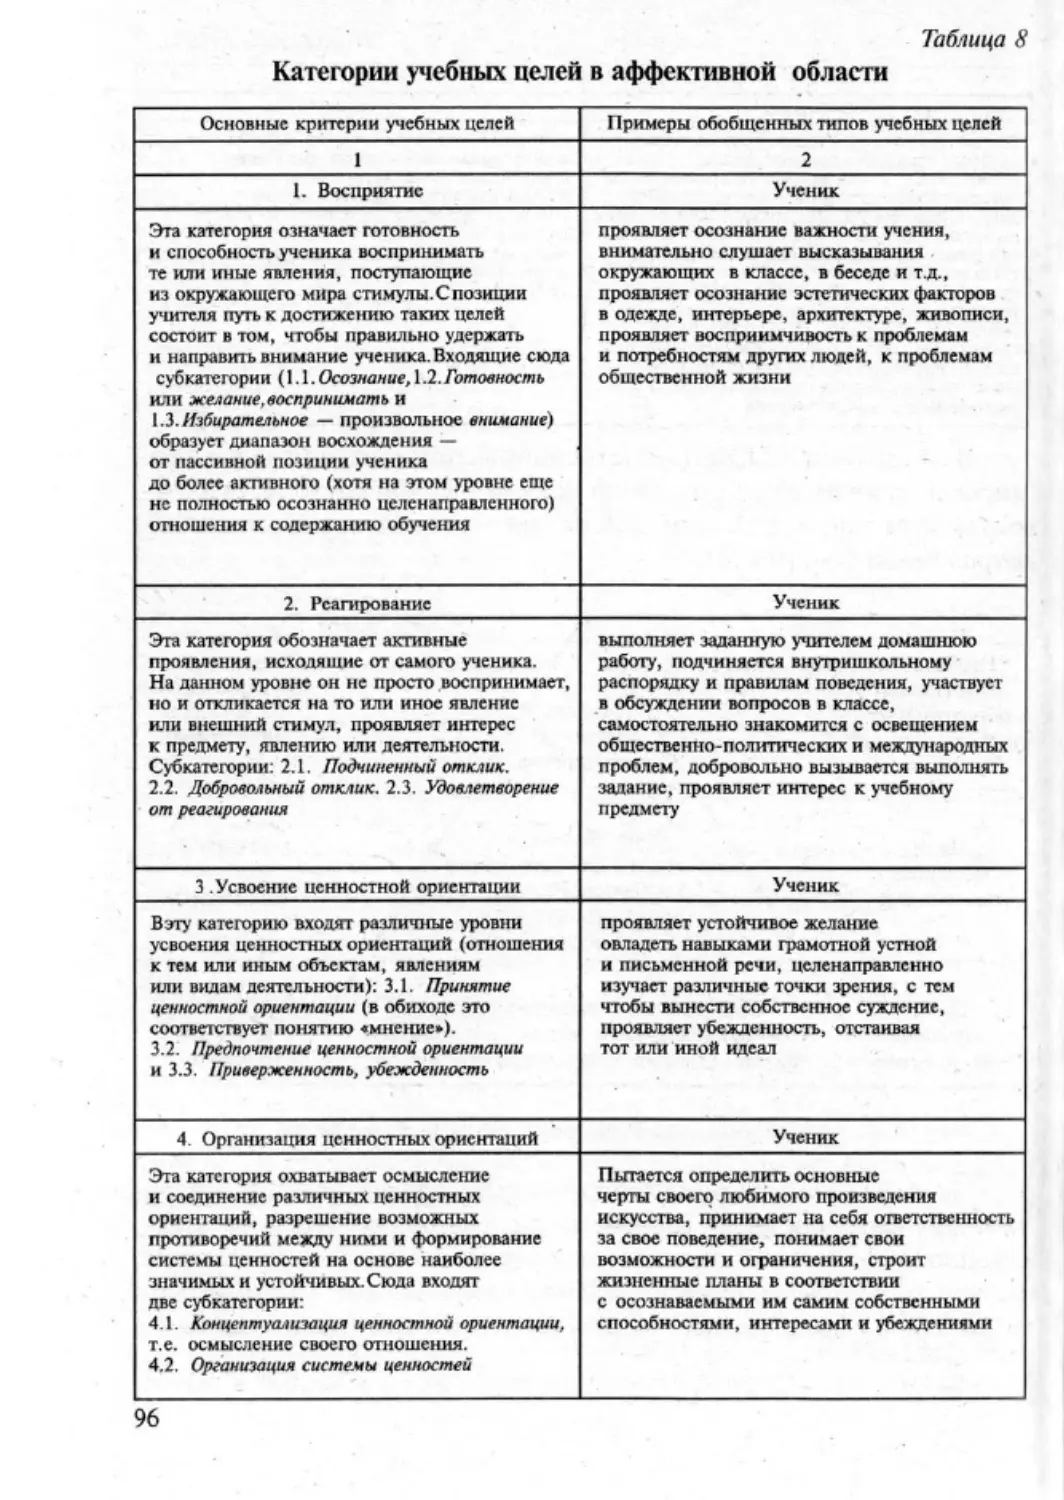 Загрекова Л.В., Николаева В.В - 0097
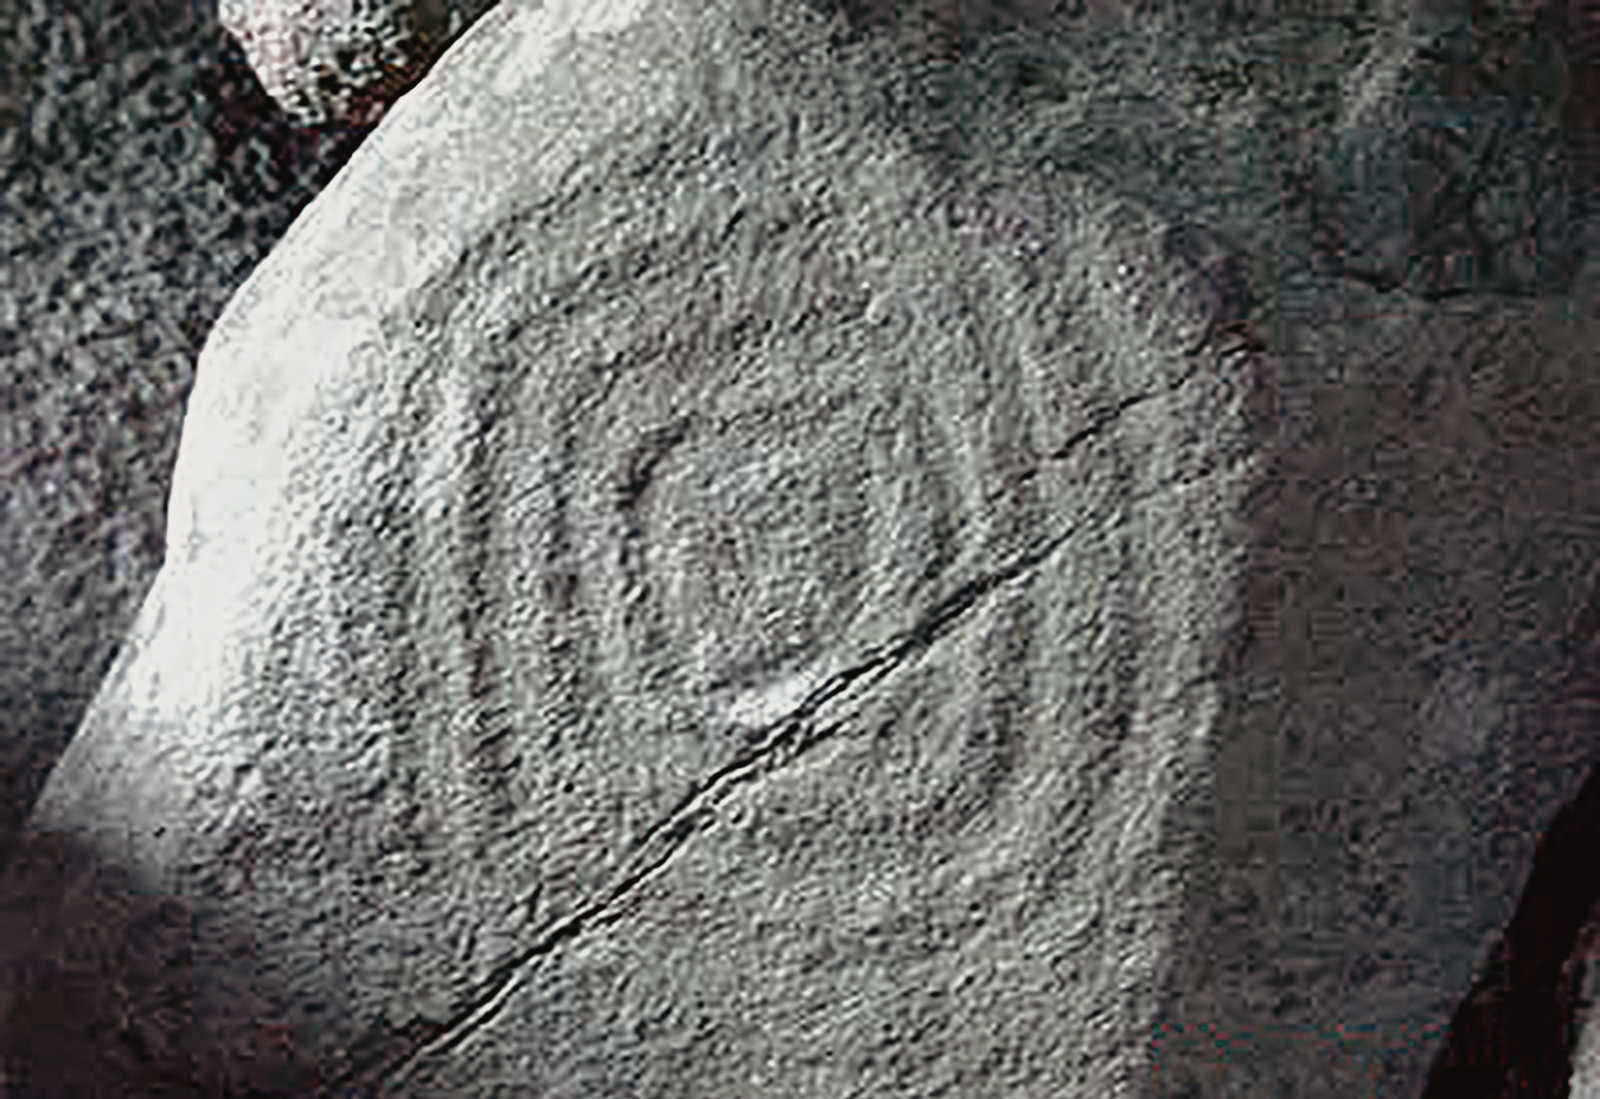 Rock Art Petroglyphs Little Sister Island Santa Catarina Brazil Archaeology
+-------+
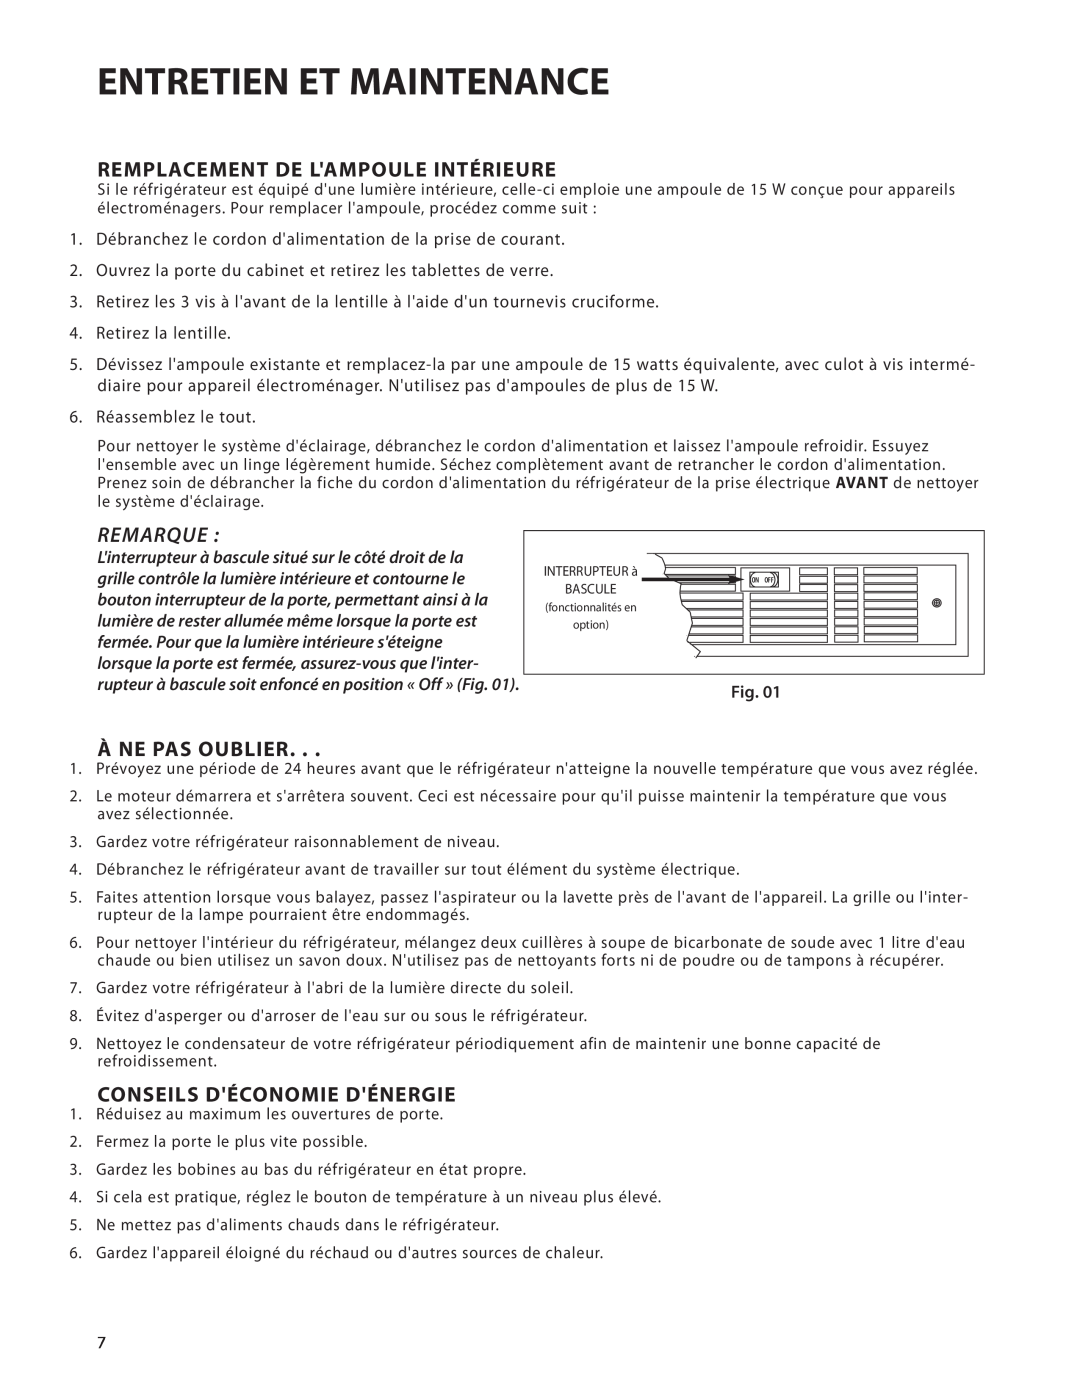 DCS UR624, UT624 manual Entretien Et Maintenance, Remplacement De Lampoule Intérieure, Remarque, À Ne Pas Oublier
+-------+
## To do
Transcribe, exactly and without pictures, everything in the data from the line with "Загрекова Л.В., Николаева В.В - 0097" down to the line with "Rock Art Petroglyphs", both included.

## Solution for this problem
 Загрекова Л.В., Николаева В.В - 0097
 Rock Art Petroglyphs Little Sister Island Santa Catarina Brazil Archaeology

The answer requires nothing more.